## Problem details:
When writing out the entries below, keep only the lines from the line with "IU Office of" to the line with "SpeakerCraft Starlet 4, Starlet", both included, exactly as they are, and leave the pictures aside.

[Material for this exercise Boundary: Start]

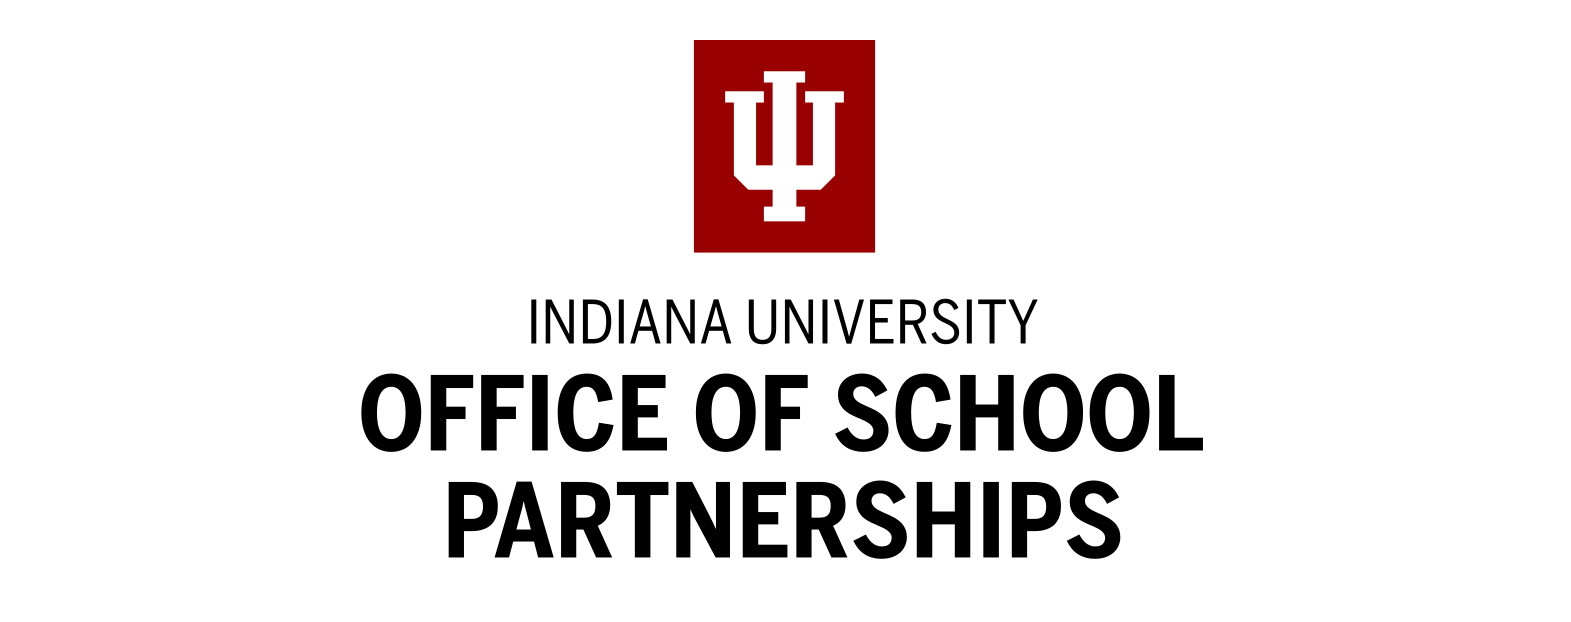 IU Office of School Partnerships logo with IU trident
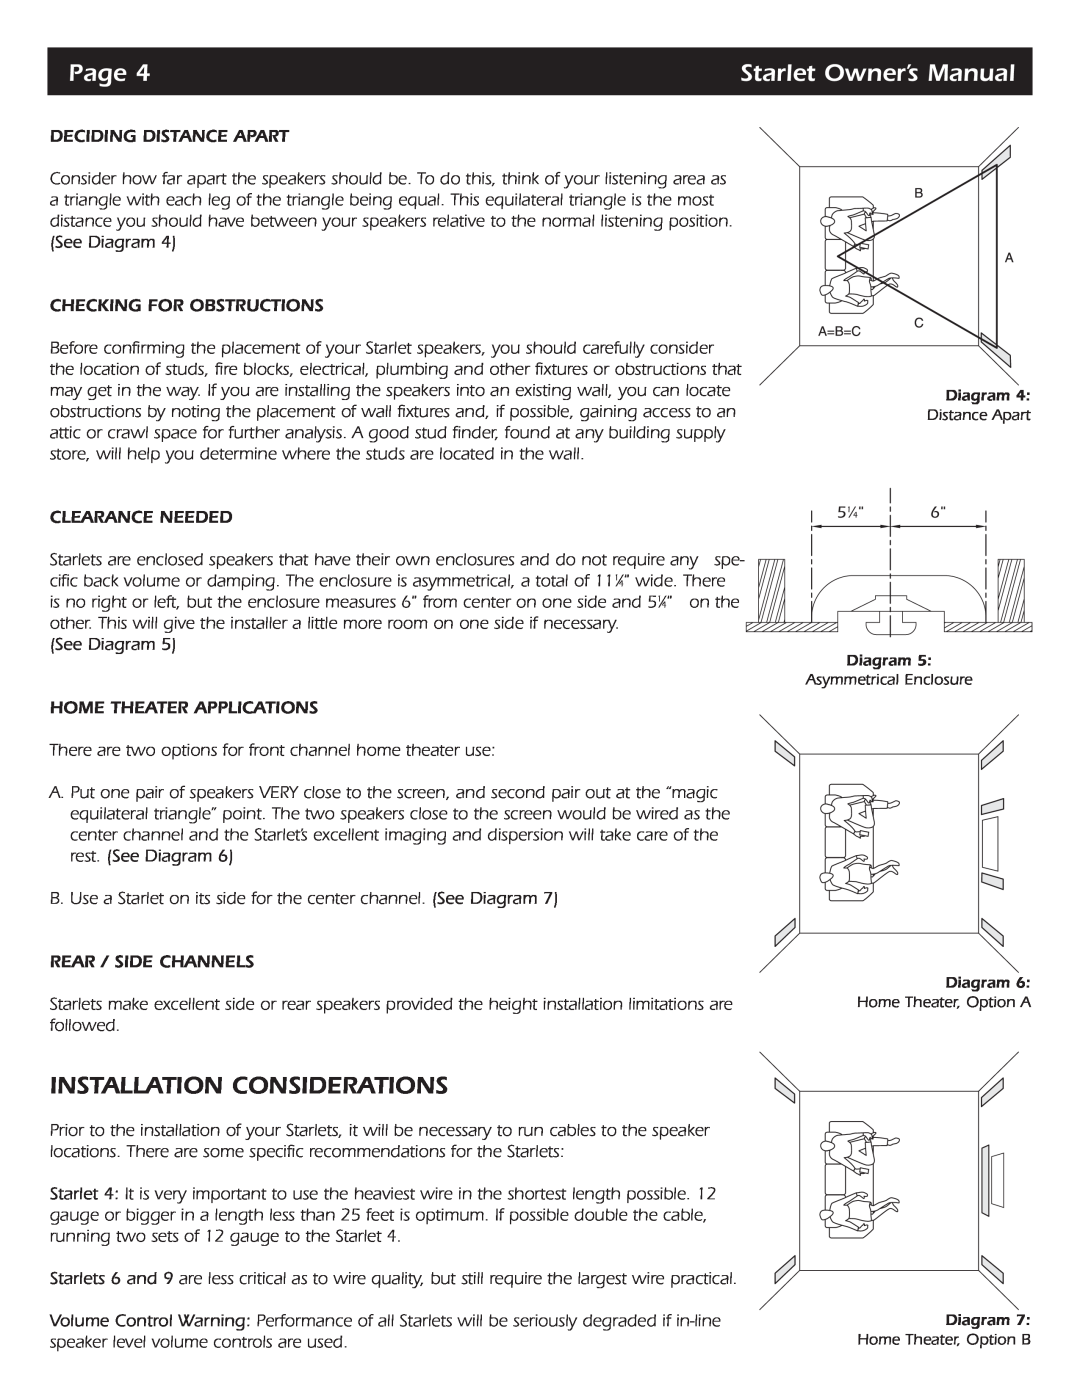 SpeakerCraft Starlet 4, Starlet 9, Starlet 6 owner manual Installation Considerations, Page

[Material for this exercise Boundary: End]
[Material for this exercise Boundary: Start]

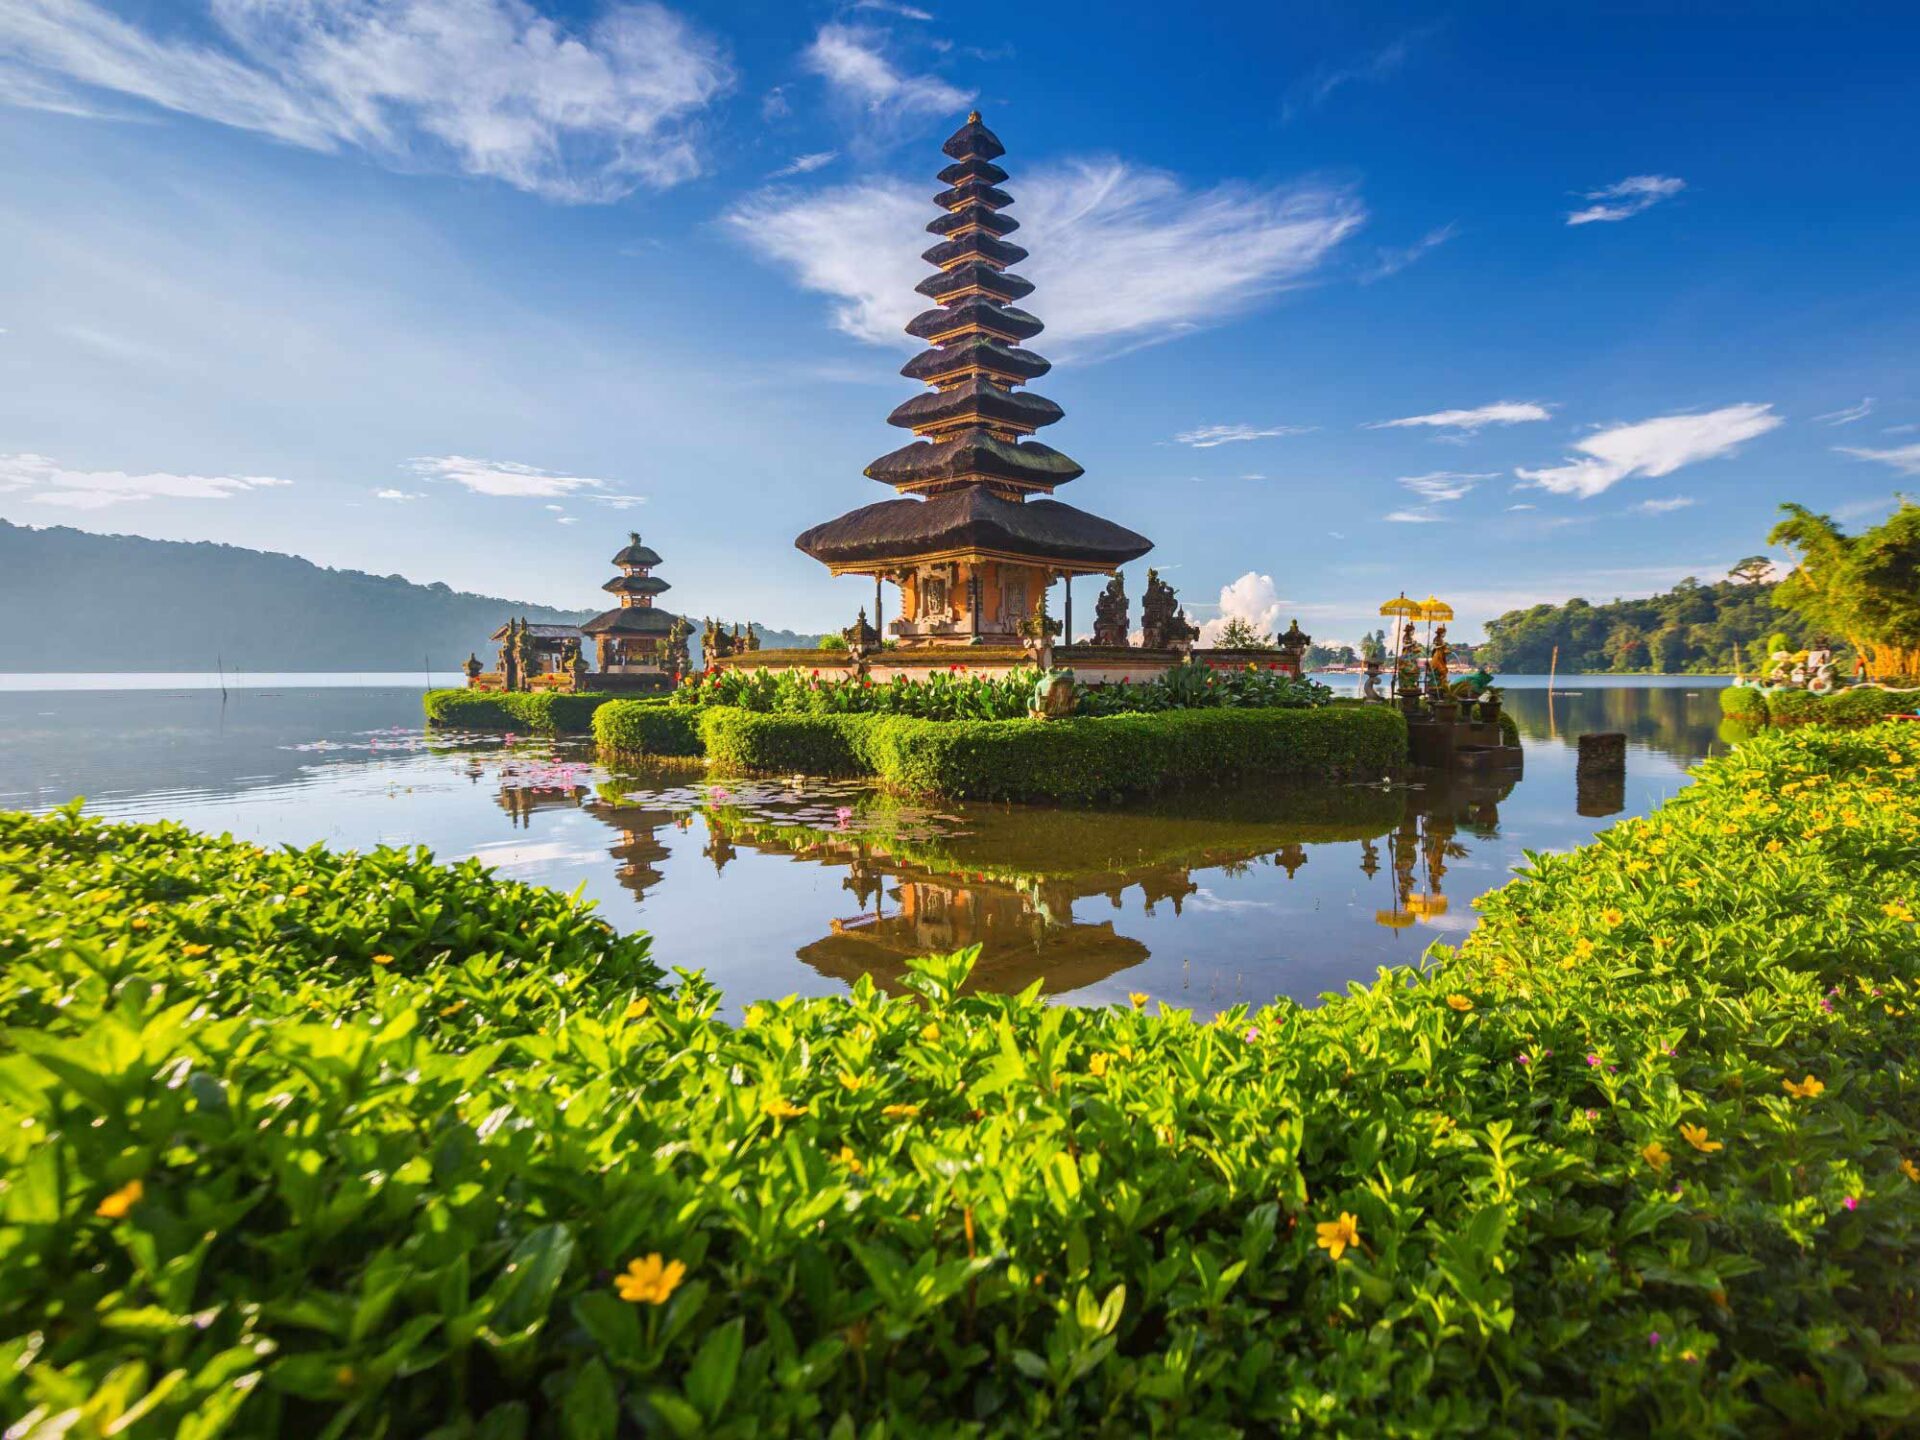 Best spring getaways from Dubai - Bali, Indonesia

[Material for this exercise Boundary: End]

## Output of the exercise:
 IU Office of School Partnerships logo with IU trident
 SpeakerCraft Starlet 4, Starlet 9, Starlet 6 owner manual Installation Considerations, Page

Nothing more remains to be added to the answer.